Promoter analysis of palindromic transcription units in the ribosomal DNA circle of Entamoeba histolytica.

rRNA genes of Entamoeba histolytica are organized as palindromic ribosomal DNA (rDNA) units (I and II) in a 24.5-kb circle. Although the two rDNAs are identical in sequence, their upstream spacers are completely different.
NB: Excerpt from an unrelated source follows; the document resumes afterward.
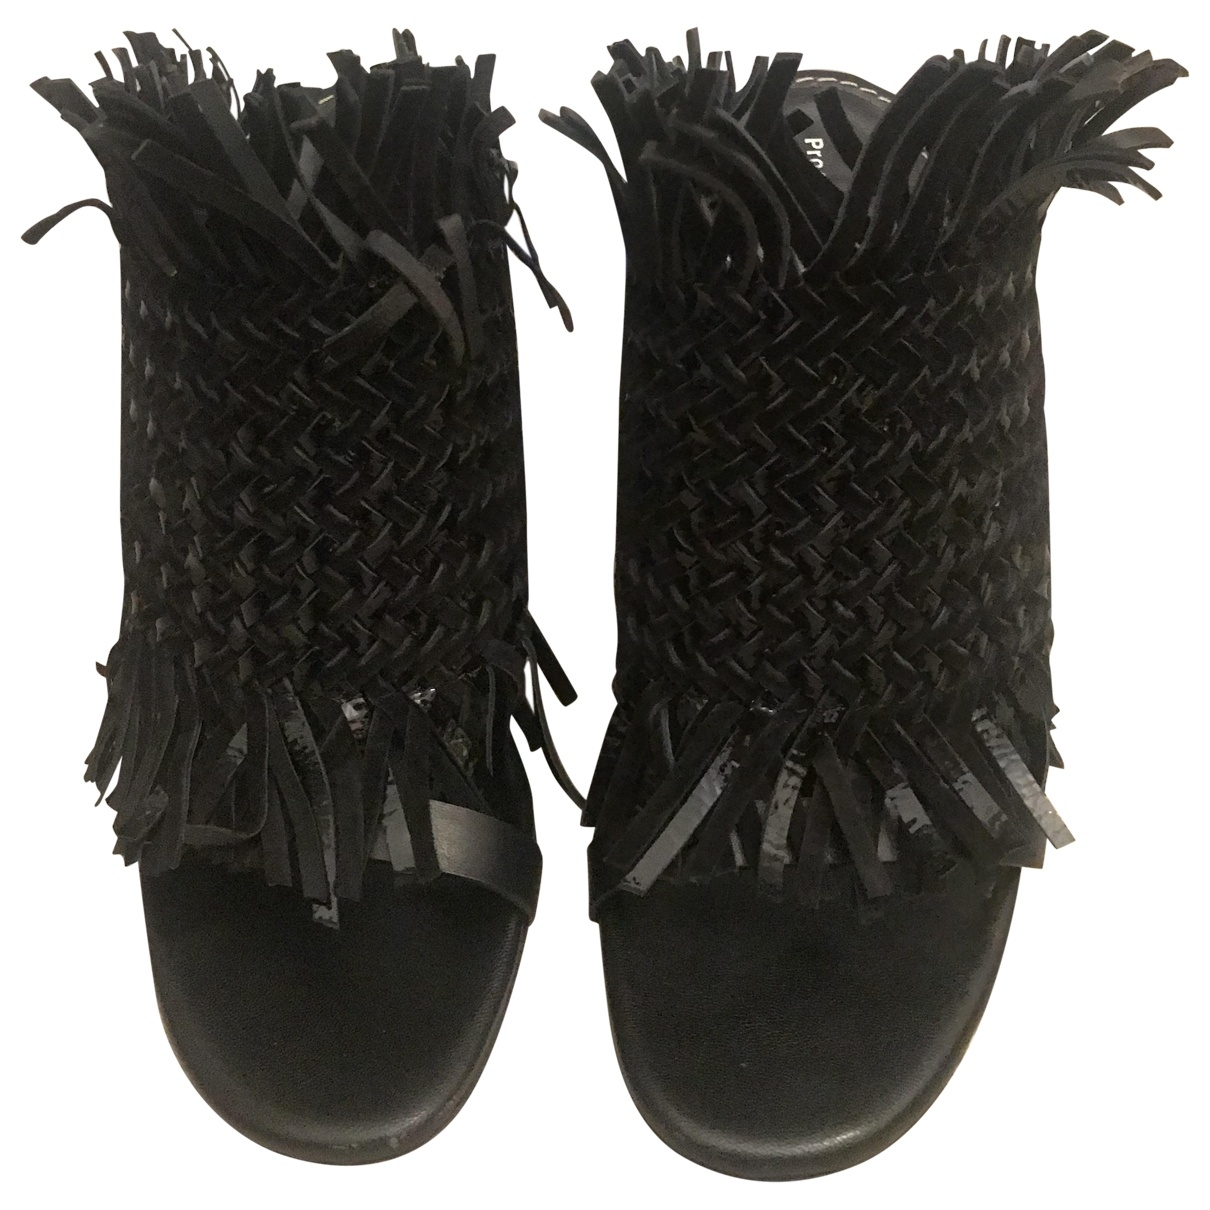 Proenza Schouler \N Black Leather Sandals for Women 38.5 EU

Since the intergenic sequences (IGS) of all rDNA copies in other organisms are conserved and contain transcription regulatory sequences, the lack of sequence conservation in the IGS prompted the question of whether both rDNAs are indeed transcriptionally active. We mapped the transcriptional start points (tsp's) and promoters of the two rDNAs. A 51-bp sequence immediately upstream of the tsp's was highly conserved in both units. In addition, both units had an A+T-rich stretch upstream of the 51-bp core. Analysis of reporter gene transcription showed promoter activity to reside in the regions from positions -86 to +123 (rDNA I) and positions -101 to +140 (rDNA II). The promoter-containing fragments from both units could bind and compete with each other for protein(s) from nuclear extracts. Protein binding was especially dependent on the A+T-rich region upstream of the 51-bp core (positions -53 to -68). The requirement of >80 bp downstream of the tsp was striking. Although this sequence was not conserved in the two units, it could potentially fold into very long stem-loops. Both rDNAs transcribed with comparable efficiency, as measured by nuclear runon. Thus, both rDNAs share very similar organization of promoter sequences, and in exponential culture both rDNAs are transcribed. It remains to be seen whether the different IGS affect the regulation of the two units under adverse conditions.